- Date posted
- 1y
Relationship between OCD and hatred?
This is more of a post where I am thinking about a connection I've made but am not sure how to find more research on, if there is any research on it, rather than feeling insecure. For me, hatred feels like when I *really* want to get away from something or for something to stop, but I feel like I can't escape it, so tension generates VERY quickly. So then, I want to feel relief from whatever is causing hatred in me. That can manifest as me "attacking" the thing (so, say I don't like how many posts I see on social media about something, I can feel relief by making very nasty posts about it, almost like trying to push it the heck away from me), engaging with the thing in ways that try to discredit it (so, hate-reading/watching things to laugh at them), or whatever else. And I think this relates to my compulsions! If... If hatred can feel like seeking relief, and OCD obsessions prime us to seek relief, it would make sense to me then that hatred could fall into OCD patterns. When I was younger, I would act very hatefully towards others, being very mean and discrediting people if they didn't do things the "right" ways, and so on. It felt like hatred (and self-hatred) consumed my life, because it was an easy way to seek relief. Currently, I'm more on top of that, but... I get anxious when I see how easy it is to hate while on social media?
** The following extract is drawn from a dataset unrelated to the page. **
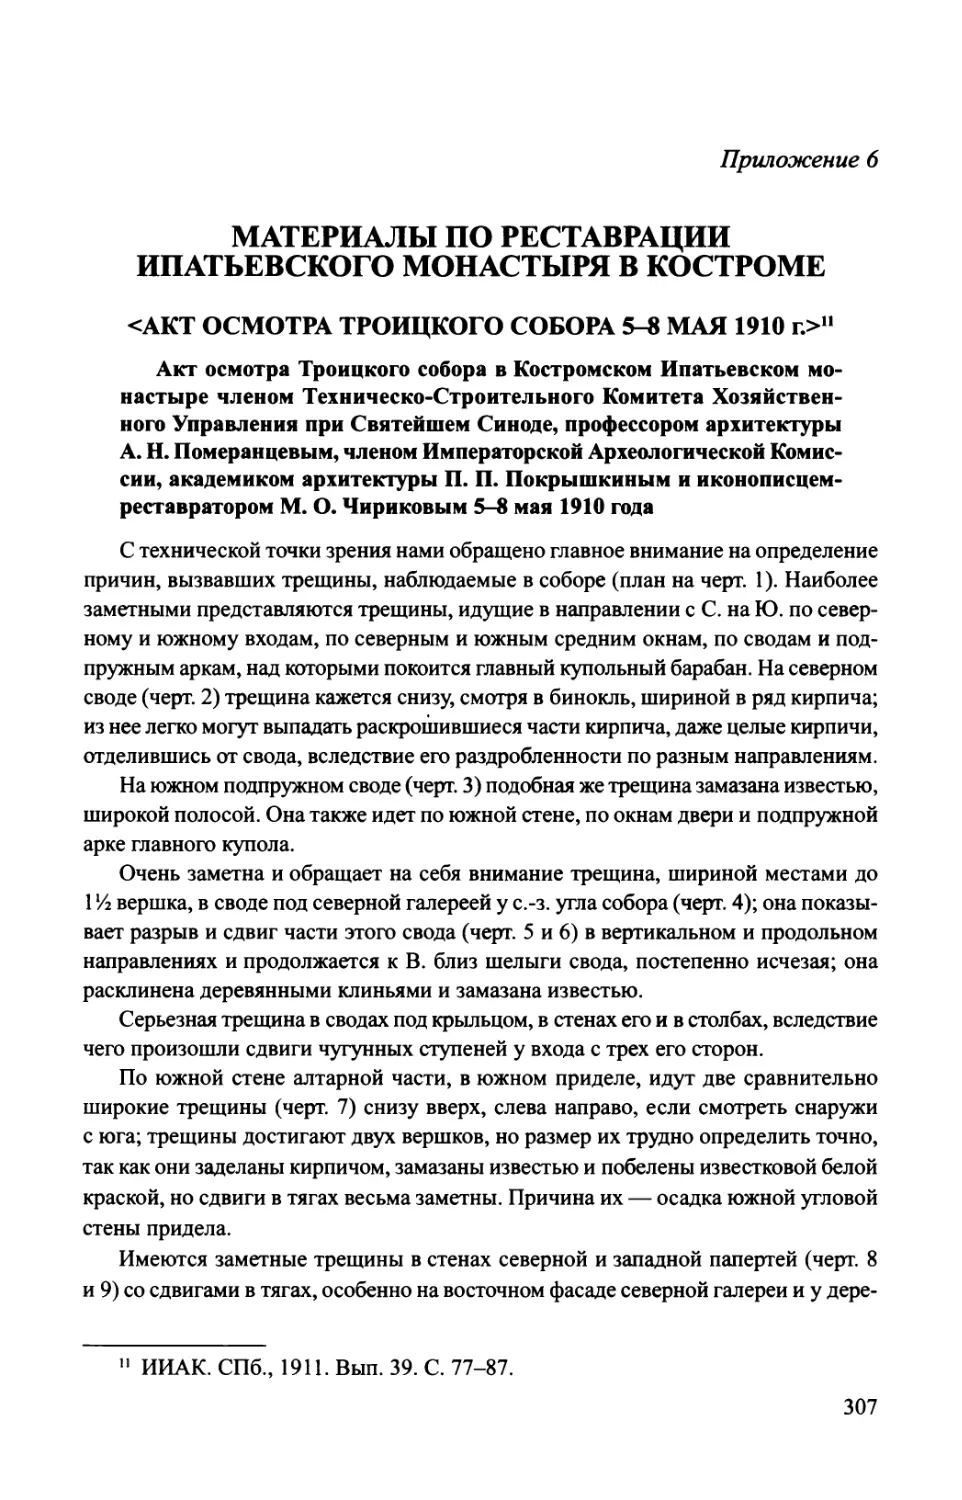 Приложение 6. Материалы по реставрации Ипатьевского монастыря в Костроме

I only got out of this thanks to very caring friends who registered how much energy I was pouring into things I hated, when I could have been caring about things that actually give me energy and help me feel positively. It was so hard to tear away from those hateful obsessions, and I felt like such a bad person, and sometimes still struggle with that. I didn't know I had OCD at the time, but now I feel like "Oh, my OCD was playing with my hatred, these were obsessions and compulsions for relief!" I worry for the mental health of those with OCD (and truthfully, those who don't have OCD too... I feel like hatred can become a vicious cycle) that this has become relatively normalized. Does anyone else have thoughts or feelings about this? Has anyone else noticed something similar?